Has VH1's newest reality show "Love & Hip Hop Atlanta" taken Black women to new a new low?
I said to myself, “ Self…” (because that’s where I start all my internal dialogues) — “Self, you will not write about Love & Hip Hop Atlanta.” I knew I was lying, because I’d already told myself I wasn’t going to watch it. I ignored the pleas from top-notch marketing machine Vh1 — say what you want about the programming, but they know how to spread the word about a show. I intentionally stayed out of my house when the show came on, and I stayed off Twitter during the initial airing. I tried and I failed.

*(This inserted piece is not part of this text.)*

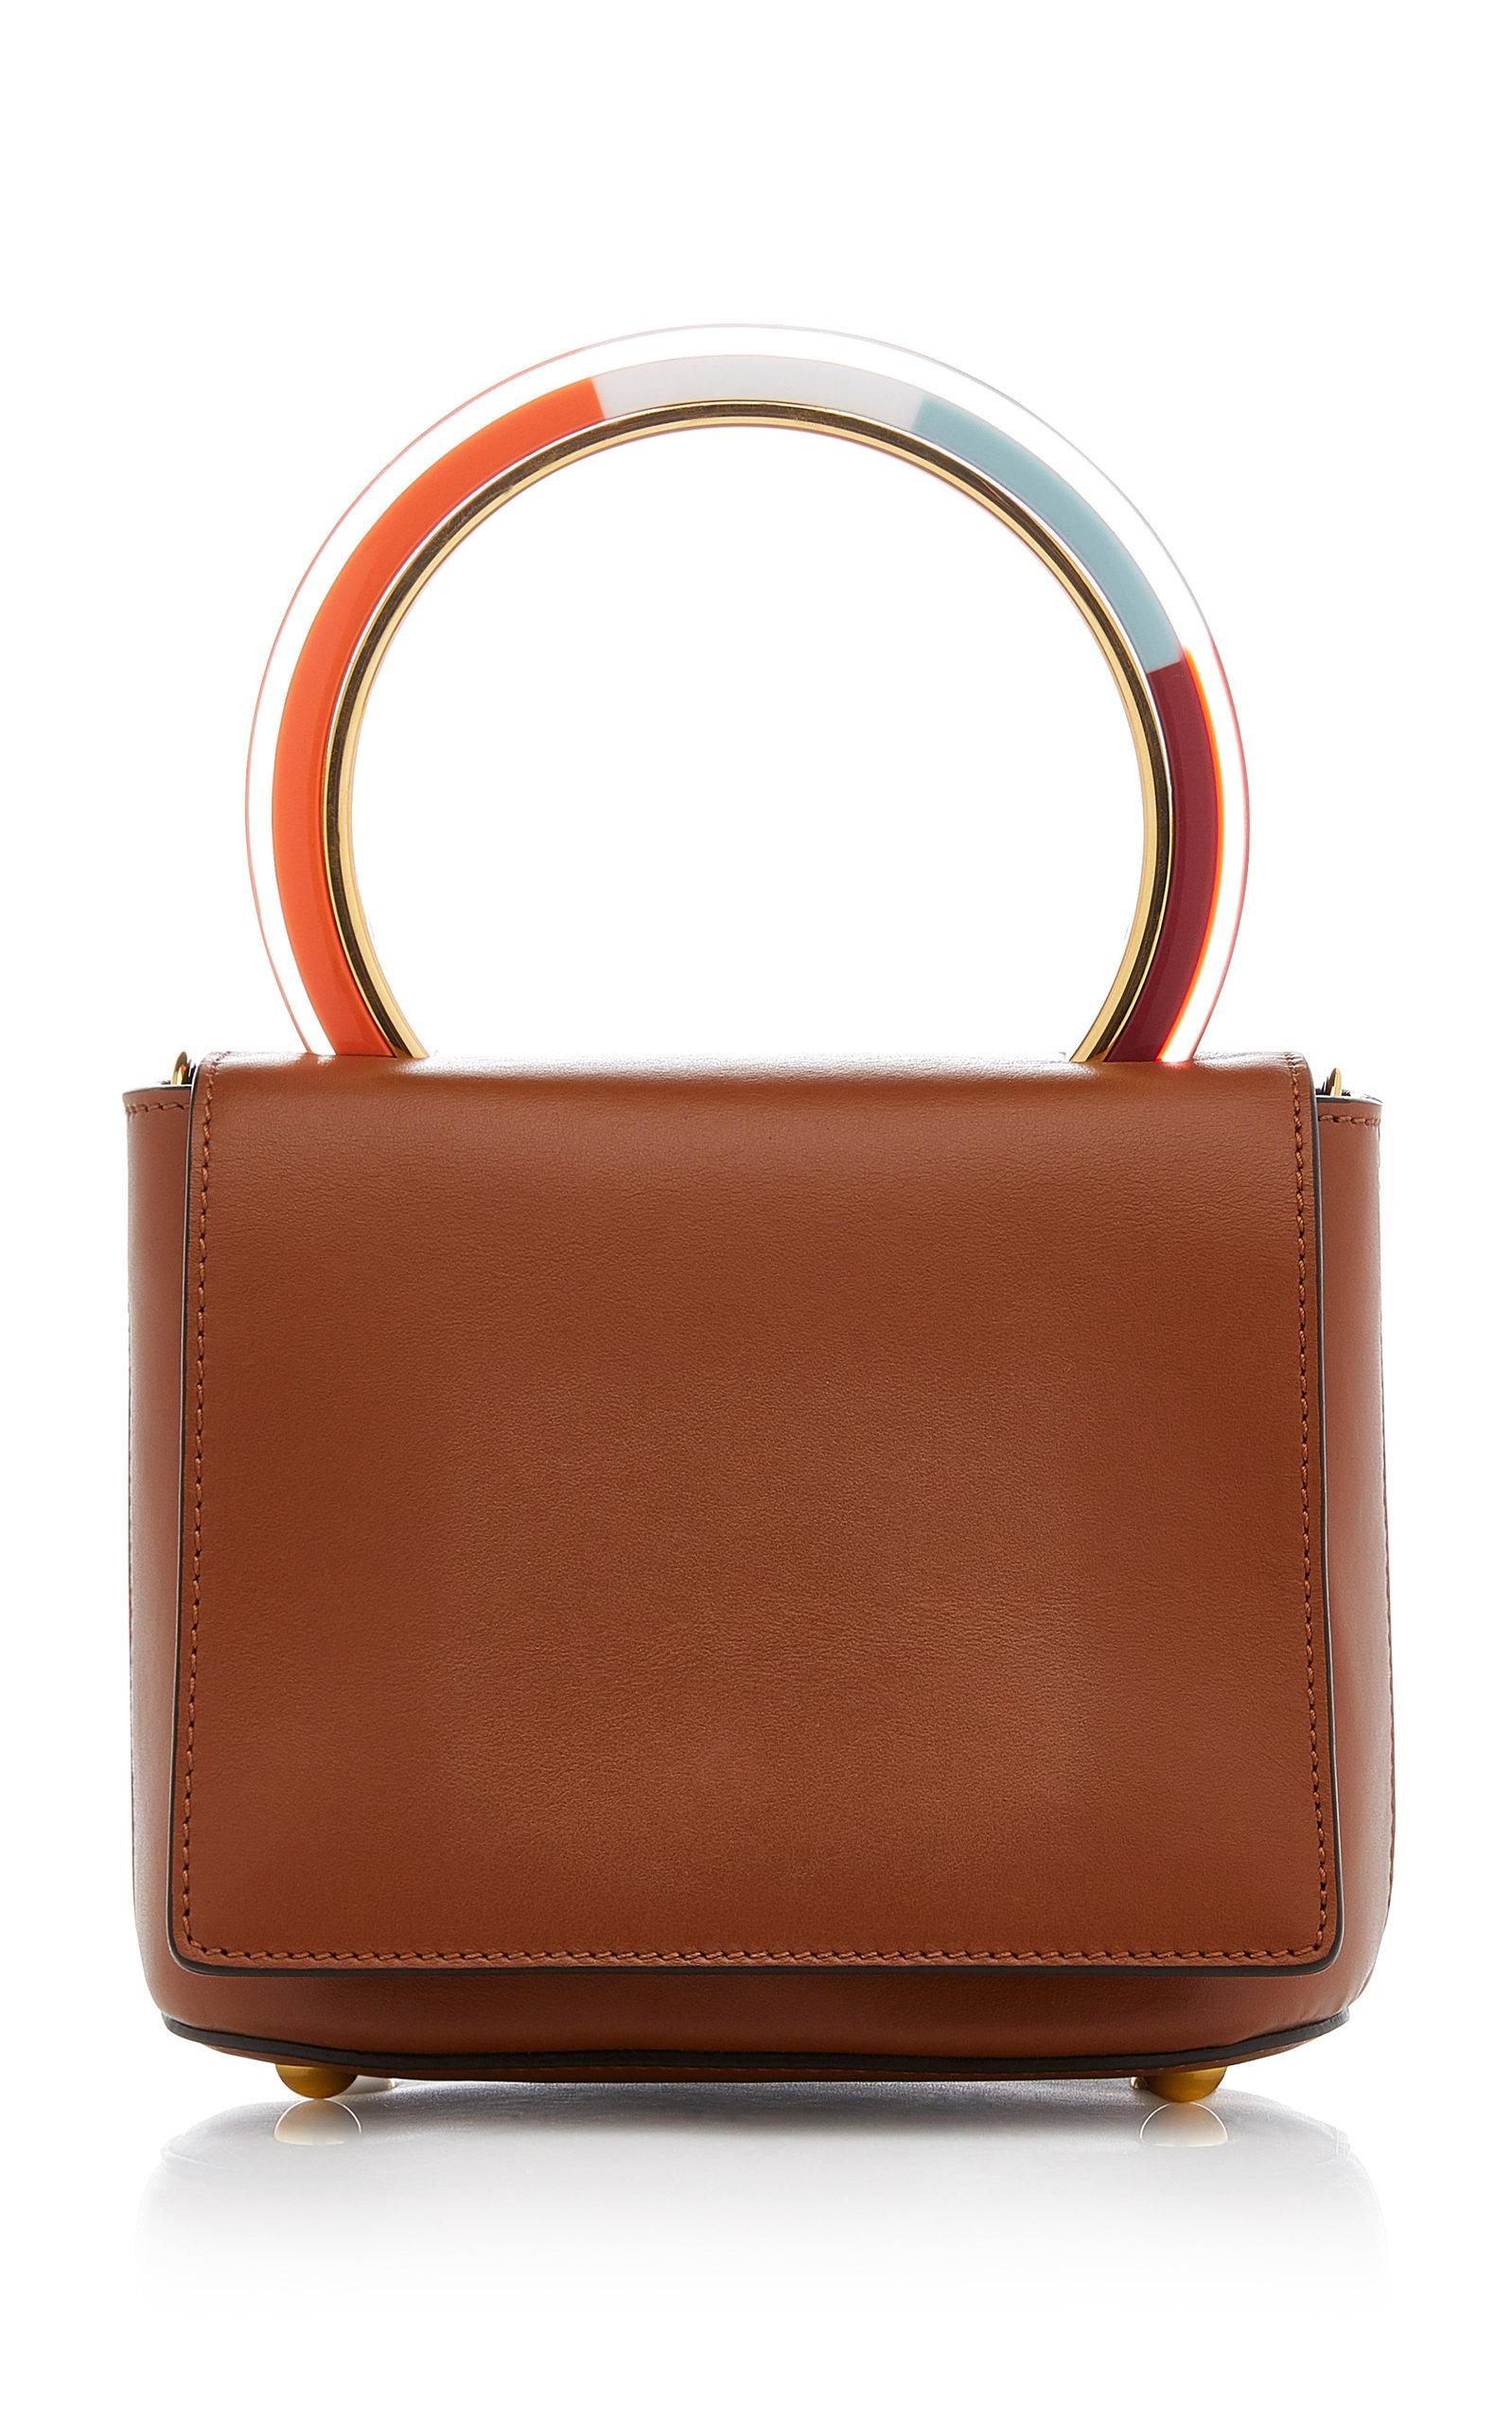 Marni Color-block Top Handle Shoulder Bag In Burgundy

I got home in time for Single Ladies, which I also don’t watch and which airs the hour after Love & Hip Hop Atlanta. But even then, it seems those who had tuned in were still aghast. According to Twitter, the ladies of Single Ladies were smack in the middle of some bourgeoisie ball and guest star “Shug Avery” was looking like she hadn’t aged a day since The Color Purple originally debuted in theaters in 1985. But amazingly, that was just a blip on my timeline. Everybody was still talking about Love & Hip Hop Atlanta and how it practically made a pox like Basketball Wives look like a classy affair.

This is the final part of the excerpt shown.